If there is no force present, and a body is described by a vector $u$, then the equations of motion can be given (with $M$ the mass matrix, and $K$ the stiffness matrix):

\begin{align} M \ddot{u}(t) - K u(t) = 0 \end{align}

We did neglect the damping matrix at this point. If we want to know which motions will behave in a very simple oscillating manner, we use \begin{align} u(t) = e^{i \omega t} u_0 \end{align} And then the equations simplify to:

\begin{align} -\omega^2 M u_0 - K u_0 = (-\omega^2 M + K) u_0 = 0 \end{align} or equivalently \begin{align} \omega^2 u_0 = - M^{-1} K u_0 \end{align} or equivalently \begin{align} \frac{1}{\omega^2} u_0 = - K^{-1} M u_0 \end{align} Solving this for $u_0$ leads to the solutions $u_i$, which are equivalently:

  • Eigenvectors of $K - \omega^2 M$ with the Eigenvalue 0
  • Eigenvectors of $ - M^{-1} K$ with Eigenvalue $\omega^2$
  • Eigenvectors of $ - K^{-1} M$ with Eigenvalue $\frac{1}{\omega^2}$

In either way, these vectors will form a complete orthogonal basis, meaning that linear combinations of them will span the entire space of possible configurations of the system, and that none of these eigenmodes can be modelled by a linear combination of the other ones.

After the Eigenvectors and Eigenvalues have been found, many texts that I encountered (for example this text on smart FEM, p. 3.8 or this script of the university munich) proposes normalizations for the found eigenvectors in the form \begin{align} u_j^T M u_i = \delta_{ij} \end{align} Or \begin{align} u_j^T K u_i = \omega_i^2 \delta_{ij} \end{align}

This is supposedly called "orthogonality property of normal modes". I do however fail to understand why those equations can be achieved by scaling the eigenvectors $u_i$. What those equations basically tell us is that the $u_i$ are eigenvectors of $M$ and $K$ as well - but why would they be? From what we calculated, they are only Eigenvectors of $- M^{-1} K$ or $- K^{-1} M$.

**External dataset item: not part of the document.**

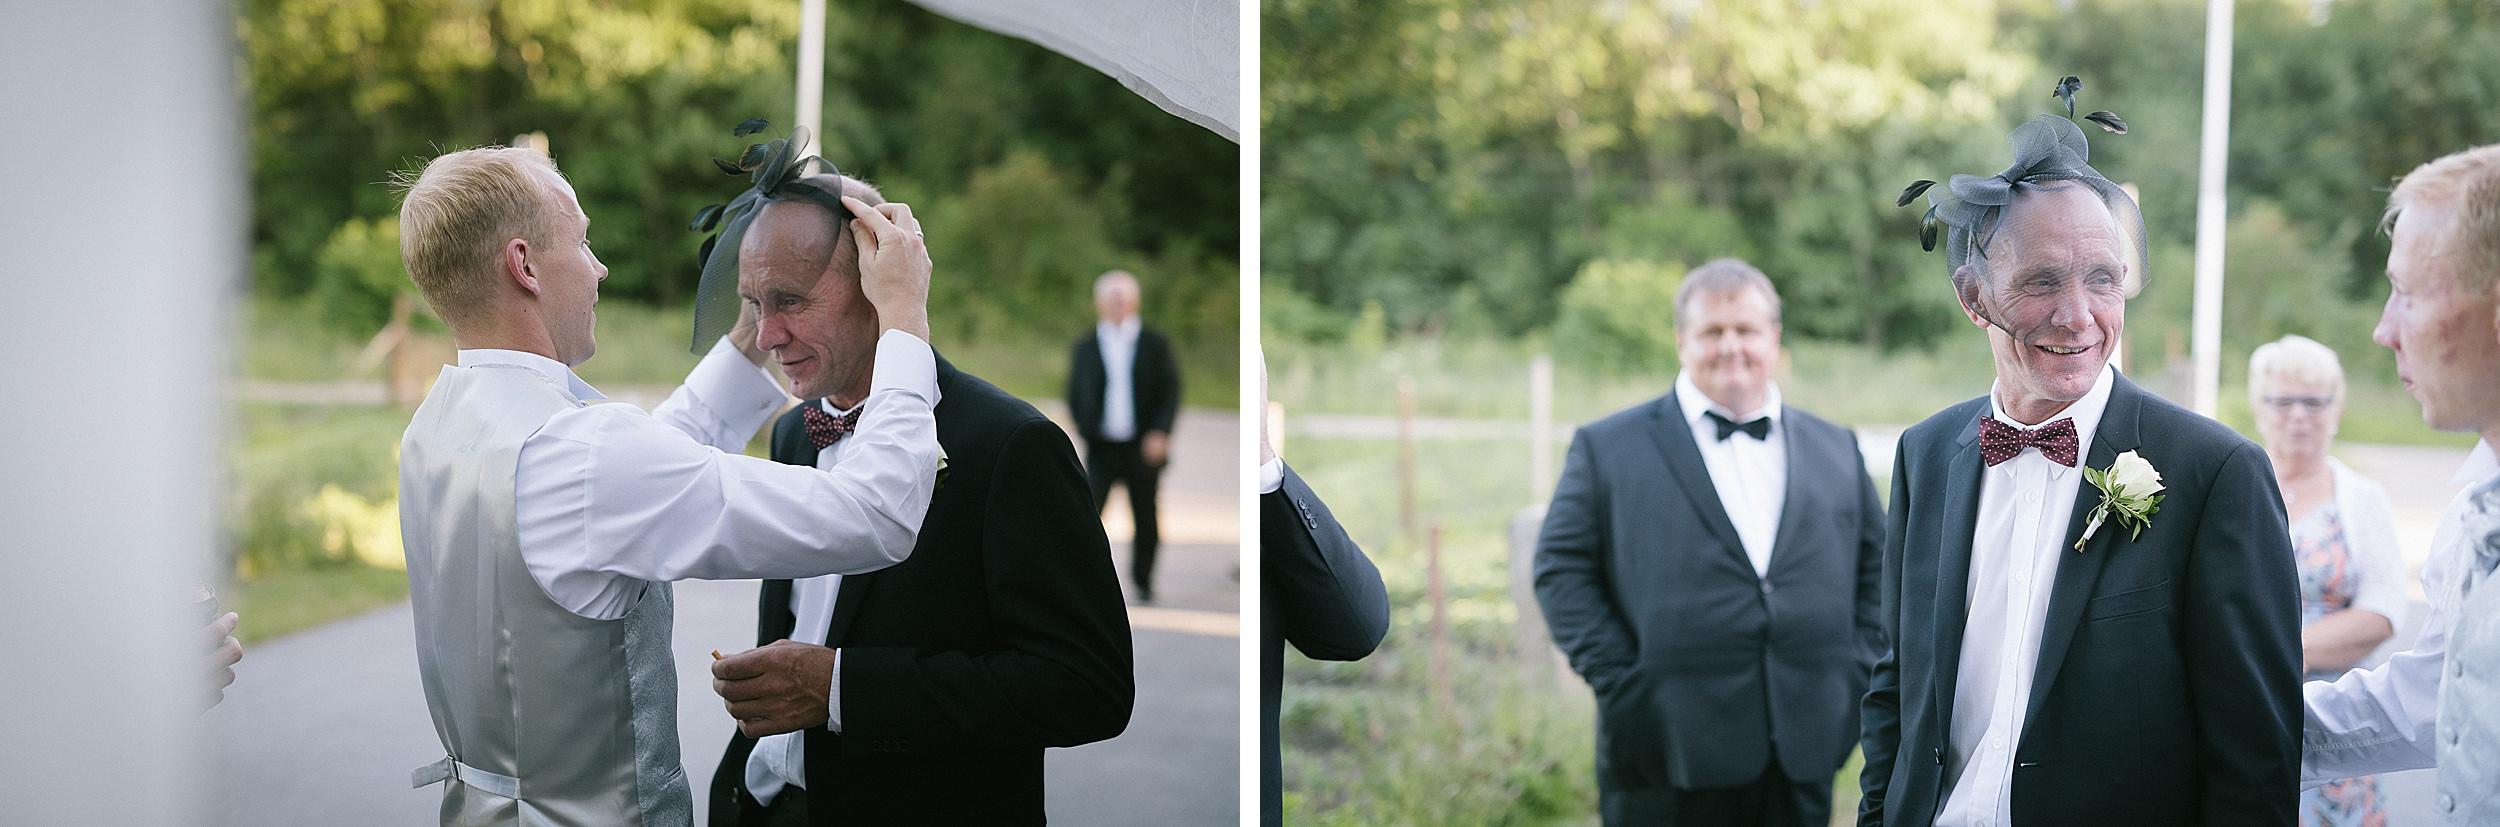 Heldags-bryllupsfoto-june-thomas_0062.jpg

Of course, if the $u_i$ were Eigenvectors of both $M$ and $K$ simultaneously, then they'd also be solutions to our initial problem. But the reverse implication is not true, unless there are some additional assumptions at hand, that are not talked about.

Are there any other assumptions to add to this topic?

I could imagine that for example one just sets the mass matrix to a constant times unity, that seems far fetched.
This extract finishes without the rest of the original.